Three experiments were conducted to evaluate the interaction effects of alternating day/night temperature and light regimes on germination of four biotypes (A, B, C and D) after treating with NaOCl for 10 minutes (Tables 3 and 4). In the light/dark environment, seed germination of biotype A was highest (89%) at the day/night temperatures of 30/20 °C. However, in the dark environment, seed germination was more than 90% at the day/night temperatures of 25/15 to 35/25 °C. Biotype B also had the highest germination at the day/night temperature of 30/20 °C in the light/dark environment. In the dark regime, biotype B had >85% germination at temperatures ranging from 25/15 to 35/25 °C. In dark, biotype B had fewer germination (12%) at 15/5 °C compared with the other biotypes (81–88%). In the light/dark environment, biotype B had fewer germination (21%) at 25/15 °C than other biotypes (61–89%). In dark, at the day/night temperature of 35/25 °C, biotype C also had a fewer germination (25%) compared with other biotypes (76–94%). Overall, all tested biotypes at 25/15 °C under the dark environment had more than 85% germination.

Table 3 Effect of alternating day/night temperatures (15/5 to 35/25 °C) on the germination biotypes A and B of Brassica tournefortii weed under light/dark (12 h photoperiod) and complete dark (24 h photoperiod).
Table 4 Effect of alternating day/night temperatures (15/5 to 35/25 °C) on the germination of biotypes A, B, C and D of Brassica tournefortii weed under light/dark (12 h photoperiod) and complete dark (24 h photoperiod).

Discussion

Germination of B. tournefortii seeds was not improved in the control, soil extract and cold stratification treatments. Germination improved (>80%) when seeds were immersed in NaOCl solution for 30 minutes. Similarly, germination was stimulated with GA3 treatment. The application of dark treatment with or without NaOCl treatment also resulted in an increased seed germination; however, without NaOCl, the response was greater at 30/20 °C and then again reduced at 35/25 °C.

Germination was not stimulated by KNO3 and soil extract, indicating that soluble nutrients in the soil did not influence germination in B. tournefortii seeds. Contrary to this, various studies reported stimulation of seed germination in several weeds when treated with soil extracts or KNO332,33,34. Similar to our results, some authors suggested that KNO3 had no significant effect on weed seed germination10,35.

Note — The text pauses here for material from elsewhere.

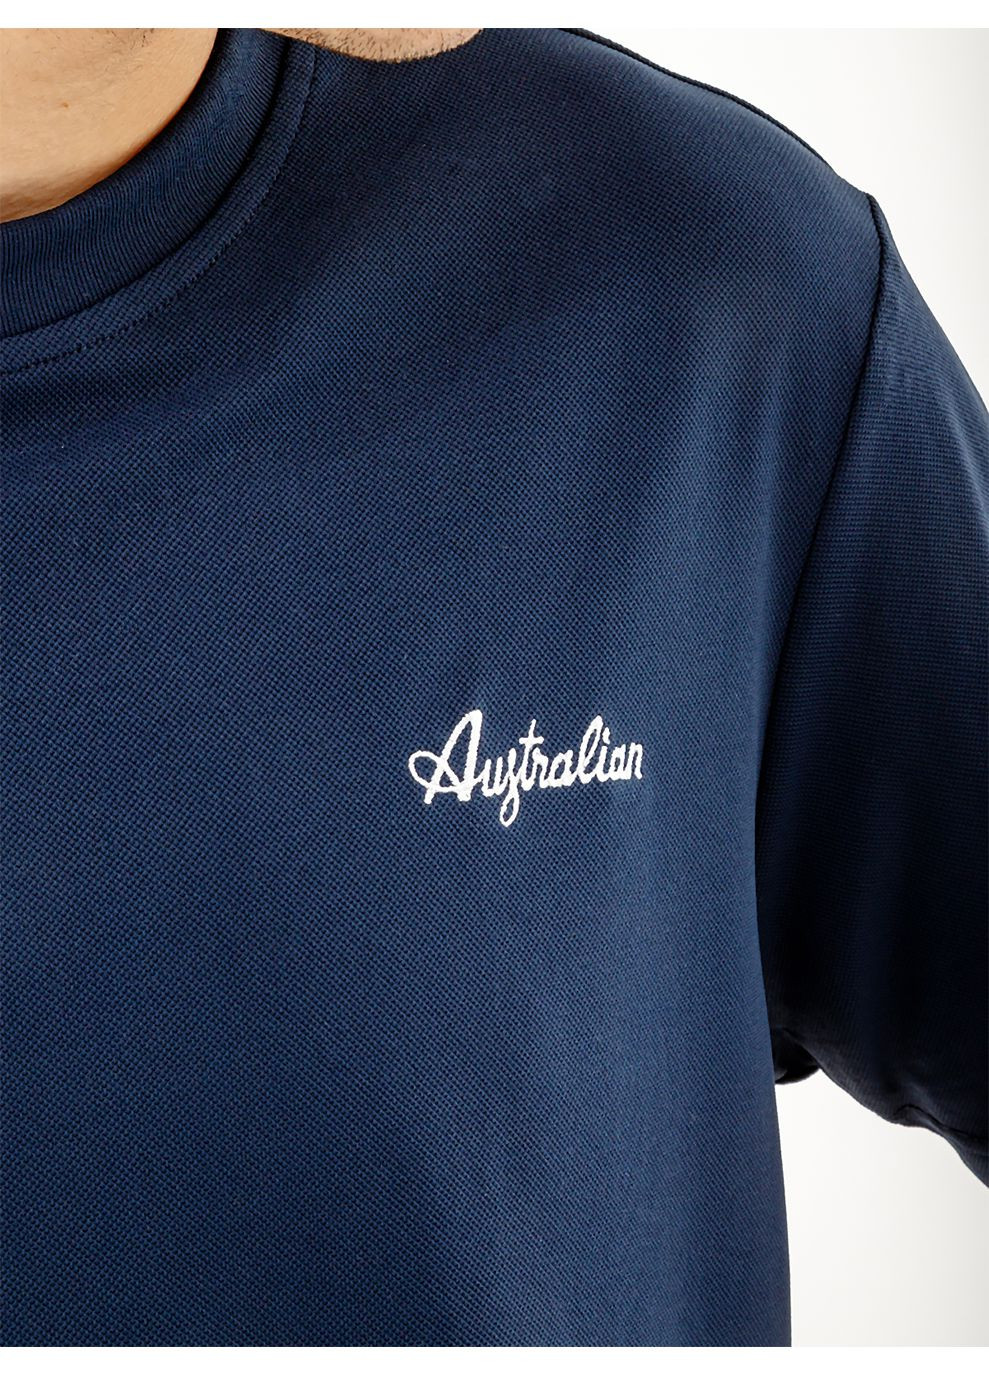 Синяя мужская футболка easy tech pique' t-shirt r-fit синий Australian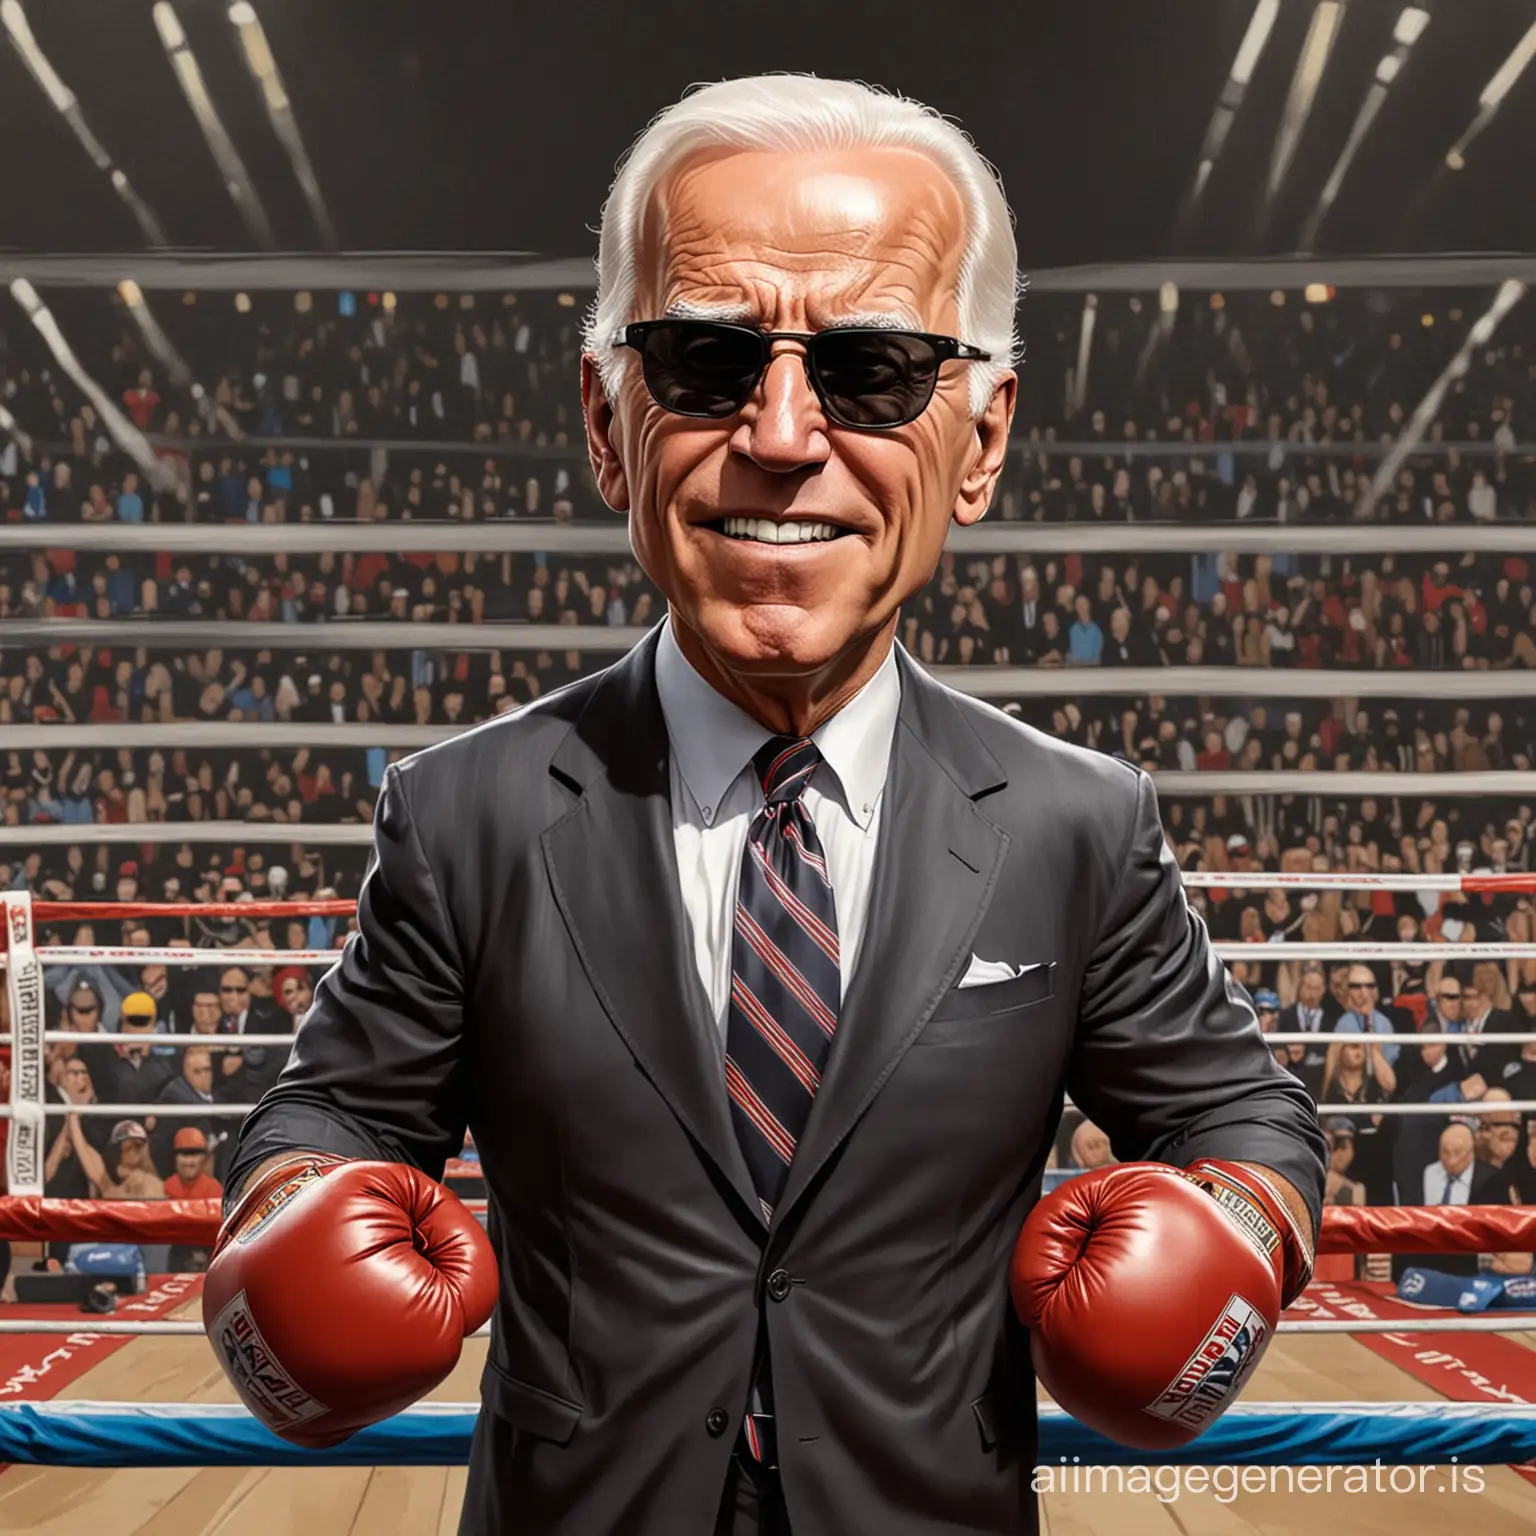 Joe-Biden-Cartoon-Caricature-in-Boxing-Ring

We speculated that the inhibition of germination in B. tournefortii seeds might be attributed to germination inhibitors present in the seeds and it needs to be leached by rainfall before the seed could germinate. However, leaching of seeds with water for 5 h could not stimulate germination. This ruled out the possibility that the inhibition of germination in B. tournefortii was due to the presence of leachable germination inhibitors.

Dormancy in a closely related weed, Sinapis arvensis L., was due to the activity of growth-inhibiting substances, and as the oxygen supply reduced, the supply of these growth-inhibiting substances increased36. Similarly, in the present study, oxygen supply with NaOCl treatment might have increased causing a reduction in growth inhibiting substances in B. tournefortii seeds, which ultimately helped in releasing dormancy. These results suggest that B. tournefortii seeds require aeration for germination and it might be influenced by soil type, tillage operation or soil moisture in the field.

Many authors suggested that NaOCl could be used to overcome dormancy of Sorghum halepense (L.) Pers.37. The use of NaOCl increased the supply of oxygen in the seed embryo but did not remove the seed hull22,38. In another study, it was reported that dormancy in Sinapis arvensis could be overcome by acid scarification36. Probably, NaOCl may act and destroy the cuticle gradually and hydrolyze the walls of the epidermal cells over the entire area of the testa differently in different biotypes, thereby increasing the oxygen supply to the embryo differently for different biotypes39,40. NaOCl could also enhance the removal of germination inhibitors and may cause injury to the seed20. Various studies showed that NaOCl may induce seed germination by removing the barrier(s) to gas exchange or by oxidizing growth inhibitors in the seeds40,41. However, in previous studies, the interactions of NaOCl, light and temperature effects were not discussed. In our study, the failure of NaOCl alone to induce a high germination at low temperatures (15/5 and 20/10 °C) in the light/dark environment indicated that dormant seeds of B. tournefortii probably have two separate mechanisms for controlling dormancy. One is the germination restriction enforced by the seed coat which can be removed by NaOCl treatment. The other is the requirement for dark; germination improved in the dark when supplemented with NaOCI treatment.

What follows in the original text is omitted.